“The message of the Bible is that the human race is a band of exiles trying to come home”(Tim Keller in Prodigal God).
One of my favorite shows is Long Lost Family (Sunday evenings on TLC). The show was created to help people who have been adopted find their birth mothers, birth fathers, brothers or sisters separated in adoptions. Both of the hosts/interviewers/detectives have been separated from birth parents and have successfully reunited with them.
Many of the shows deal with grown children who were adopted as babies. Most had good lives in loving families. Some knew they were adopted; others learned the secret as adults. All felt a loss of identity. What is my ethnic heritage? Who do I look like? Do my birth parents have the same passion for music I do? (Turns out they did!) Why did they give me up? Each show is memorable because the pain of separation felt by the adoptee and the birth parent begins to heal when they meet again and hear the other’s story.
One show tells the story of a woman who, at the age of ten, began caring for her younger brothers because her single mother wasn’t able to handle the responsibility. Social workers stepped in. She was adopted by one family; the brothers were adopted by another. She deeply grieved their loss. But she also grieved her failure to keep the promise that she would always take care of them. They had a sense they had a sister but didn’t understand why they had to be adopted. Her decades-long search was finally successful and they all began to heal.
In another story, a man in his 30’s tells describes being left in the car in a grocery store parking lot when he was 5. His mother said, “I’ll be right back.” She never returned. He was found, placed in foster care, and then adopted. His mother, who had been arrested for shop lifting, decided not to protest the adoption. She knew that her drug addiction would keep her from being a good mother. Their reunion, a wonderful moment of joy and forgiveness, began the process of healing their feelings of rejection and guilt.
The show has been interesting to me on a deeply personal level. The loss of my chaplain father, who baptized me, left for WWII, and never returned has always been hole in my heart. My mother was emotionally damaged by the loss. She burned his letters and never spoke about him – except to say that her life had been ruined by the loss of this wonderful man. Even as a young child, I intuitively knew not to ask questions about him. As I watch this show, questions come up for me, too. How would my life have been different if he had been there? What character traits did I “inherit” from him? What it would be like having the attention and love of a father? How would I have flourished in this “long-lost family?” Those questions will never be answered, but watching these adults come to terms with their questions has been useful to me.
And now it occurs to me that the Church, the Body of Christ, is a “long-lost family.” Members come together searching for the love and forgiveness and shared life of a family. In many cases they find the family of God and flourish. But in too many cases, the behavior of other members of the family cause separation. People are not welcomed in the family because they are different. The rules of the church and the rigidity of traditions triumph over love. Power can divide and conquer. Amends for hurts, big and small, are never made.
There is hope for these long-lost family members as well!
“It shall come to pass in the latter days
that the mountain of the house of the Lord
shall be established as the highest of the mountains,
and shall be lifted up above the hills;
and all the nations shall flow to it,
and many peoples shall come, and say:
“Come, let us go up to the mountain of the Lord,
to the house of the God of Jacob,
that he may teach us his ways
and that we may walk in his paths” (Isaiah 2:2-3 (ESV).

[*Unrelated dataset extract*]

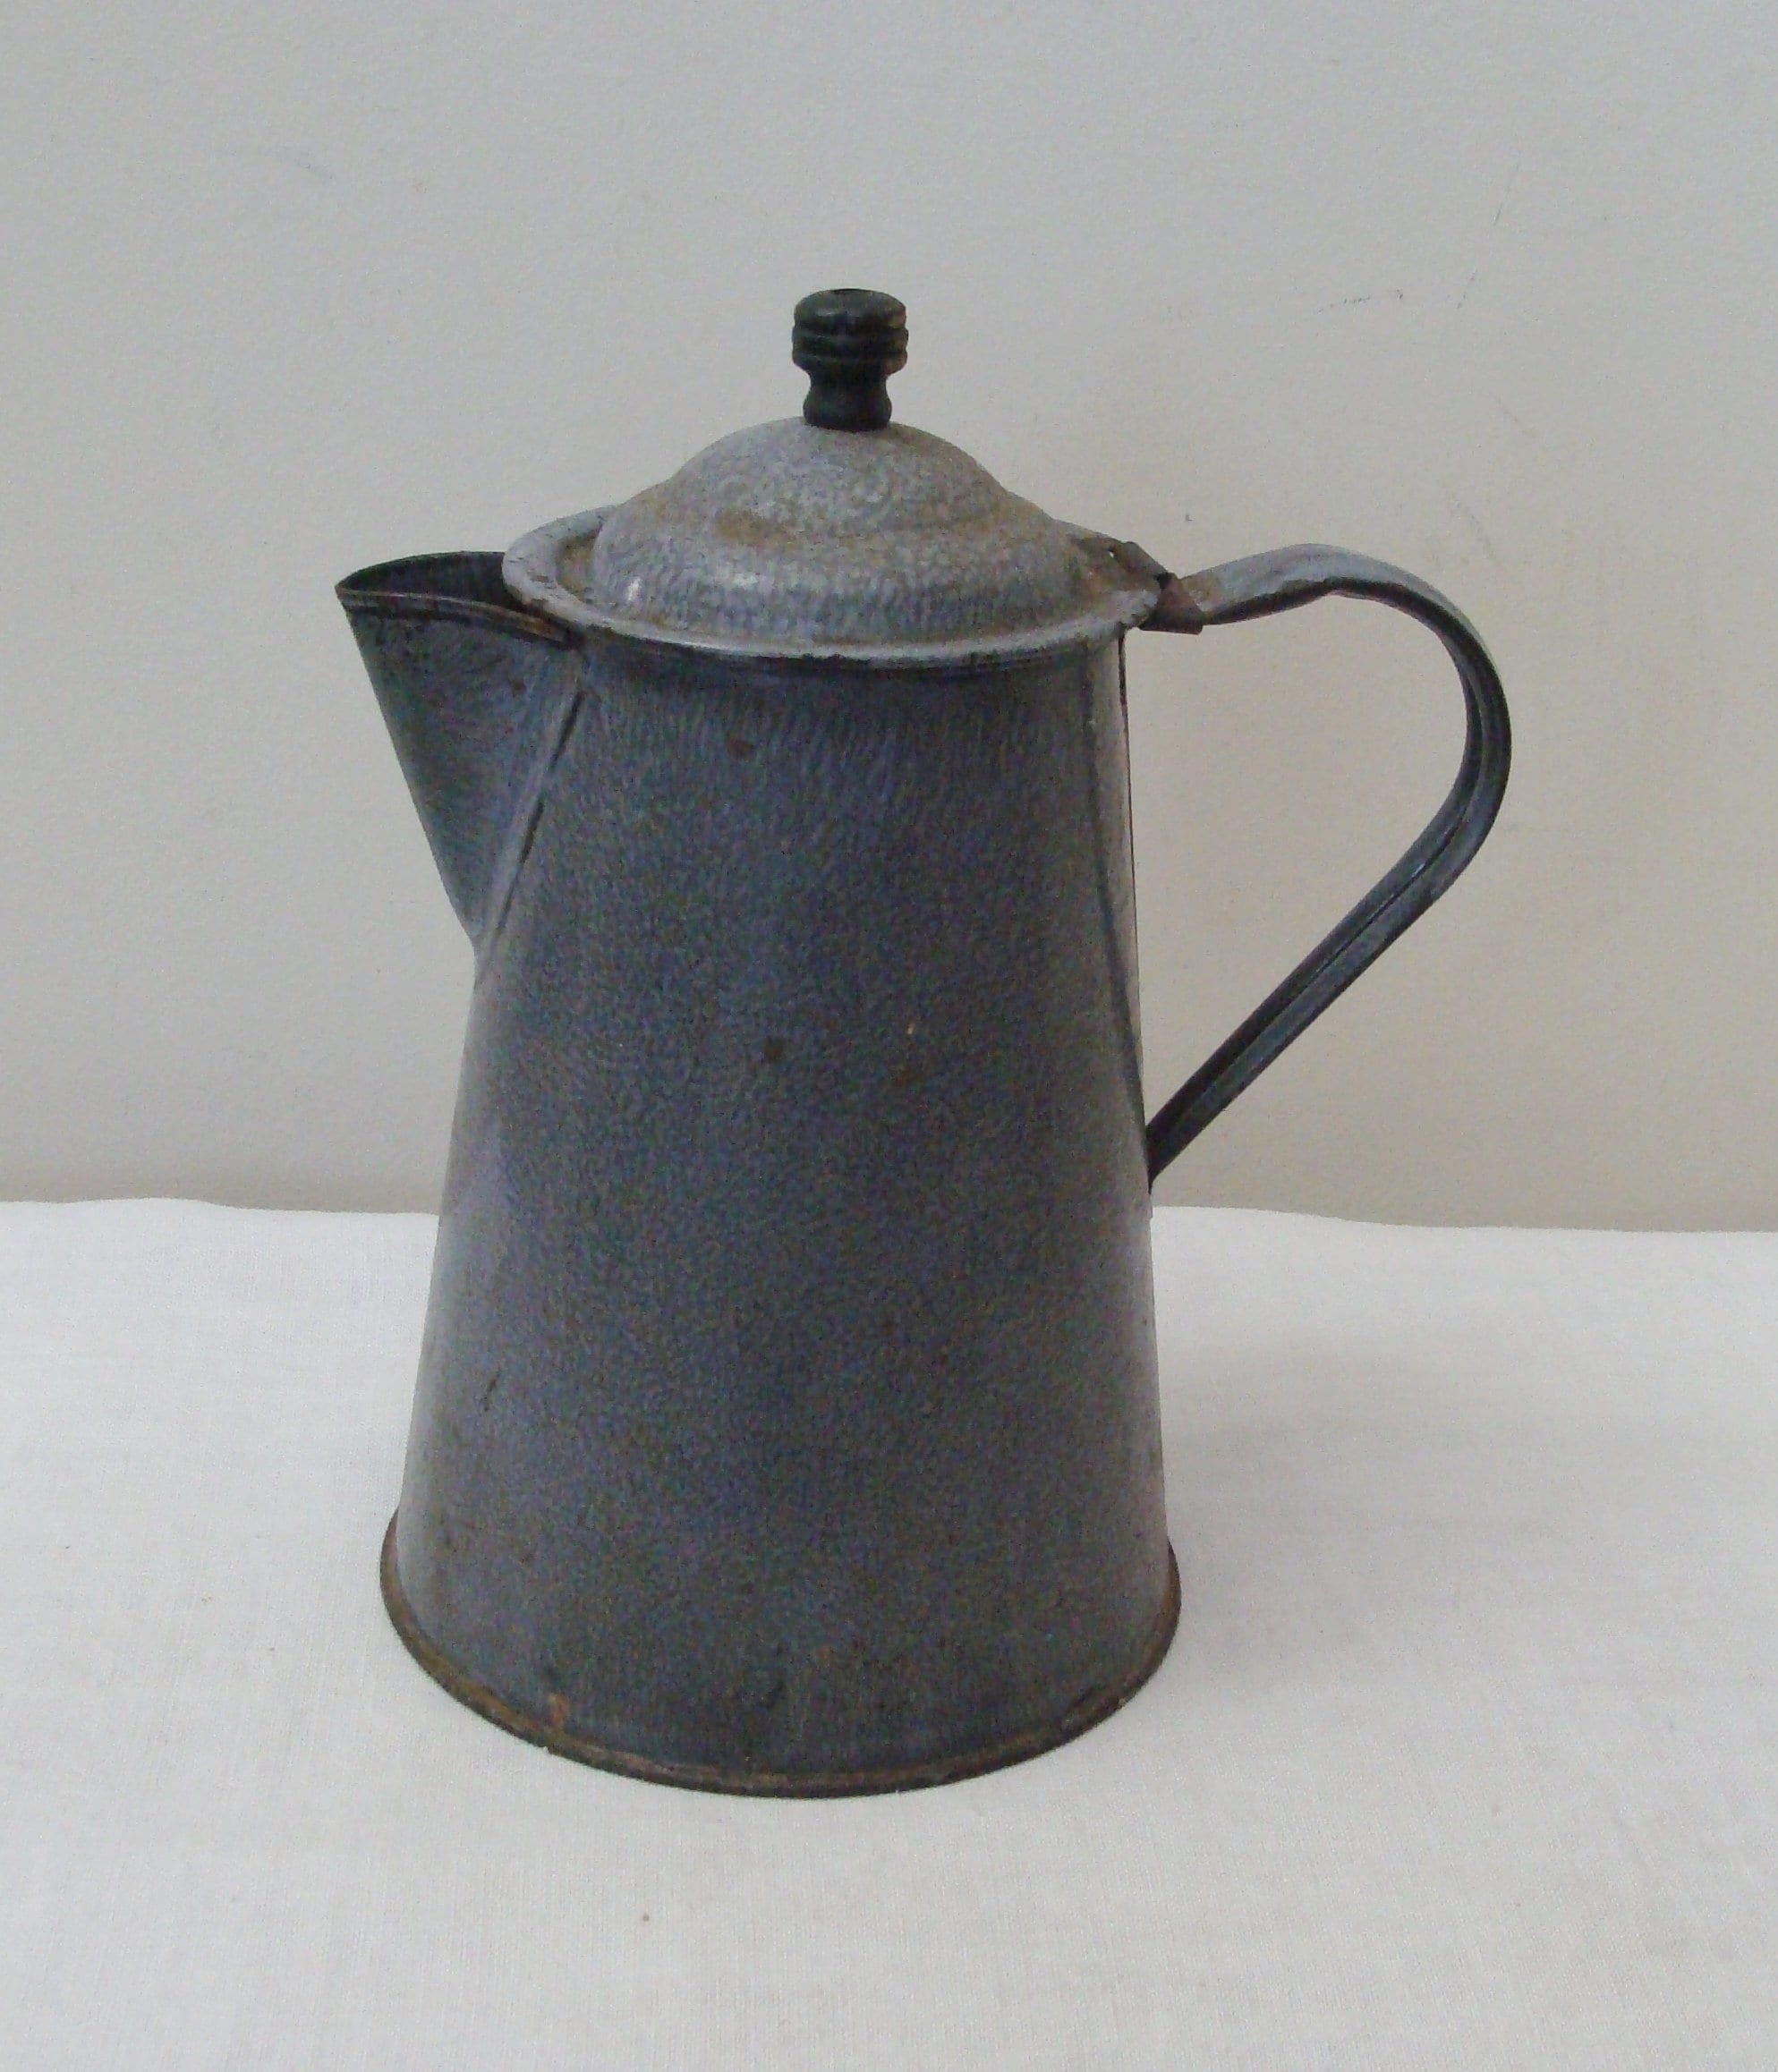 Vintage Grey Enamel Cowboy Coffee Pot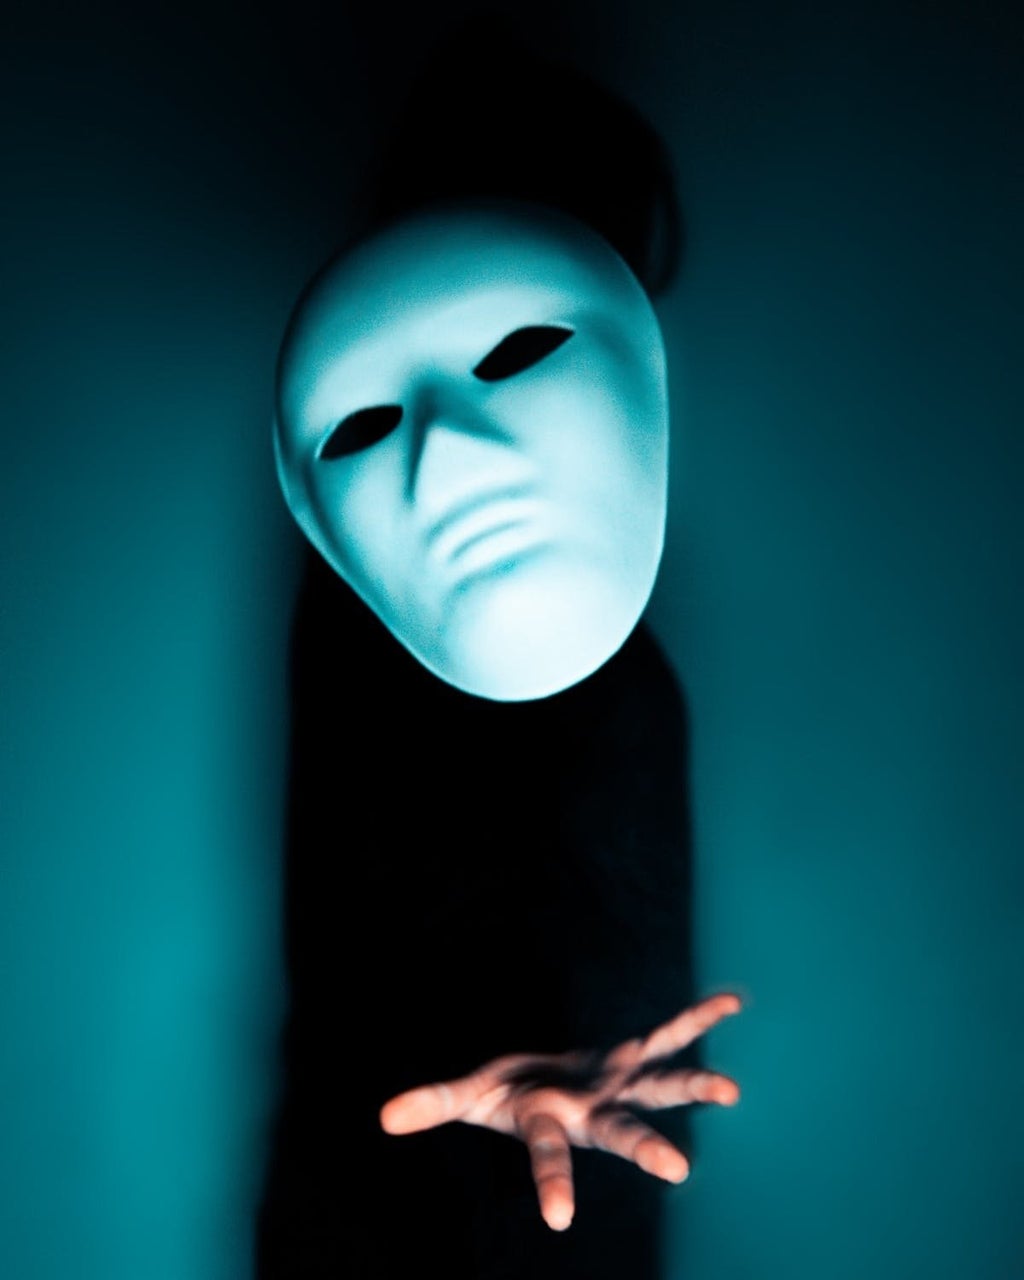 Masked identity

Rivers of people of every color and culture and personality will come together to climb the mountain to the house of the Lord. And they will find everything they have been longing for.
I watched last night and shed enough tears as I listened to the stories. It gives me a new insight into what my Chinese granddaughter experiences now that she’s old enough (15) to know that she’ll never know who her birth parents are. How great that some of these Americans can re-connect with biological family. I’m not sure I can watch very often! But perhaps the emotions will draw me back. Blessings on you as you’ve struggled with your past and thank you for being willing to share your life with others. One day in heaven the pain will be over. What a day that will be!!!
I always use this show as a tonic when I am disgusted with the ways of the world we now live in. We are all part of the river that is marching to Zion – it’s just that some of us get there before the rest.
Karen, I love this.
Thanks, Sally!
Vernon, Great to hear from you again. Long Lost Family is a very moving show. Both my husband and I often end up teary-eyed. I hope you get a chance to see it. When I brought my African-American husband to my church for the first time, he was asked if he was from Africa and then if he was studying at the local seminary. When he answered “no” twice, they asked him, “Then why are you here?” I was heart-broken and he was humiliated. That’s not the Body of Christ.
This sounds like a nice show to watch. I have to check it out.
I grew up without knowing my father and often ask myself those same tough questions.
The church is lost and suffering. I didn’t grow up in the church so a lot of what I’m experience people tell me that’s how it is.
When a Christian don’t speak to another Christian there’s work to be done.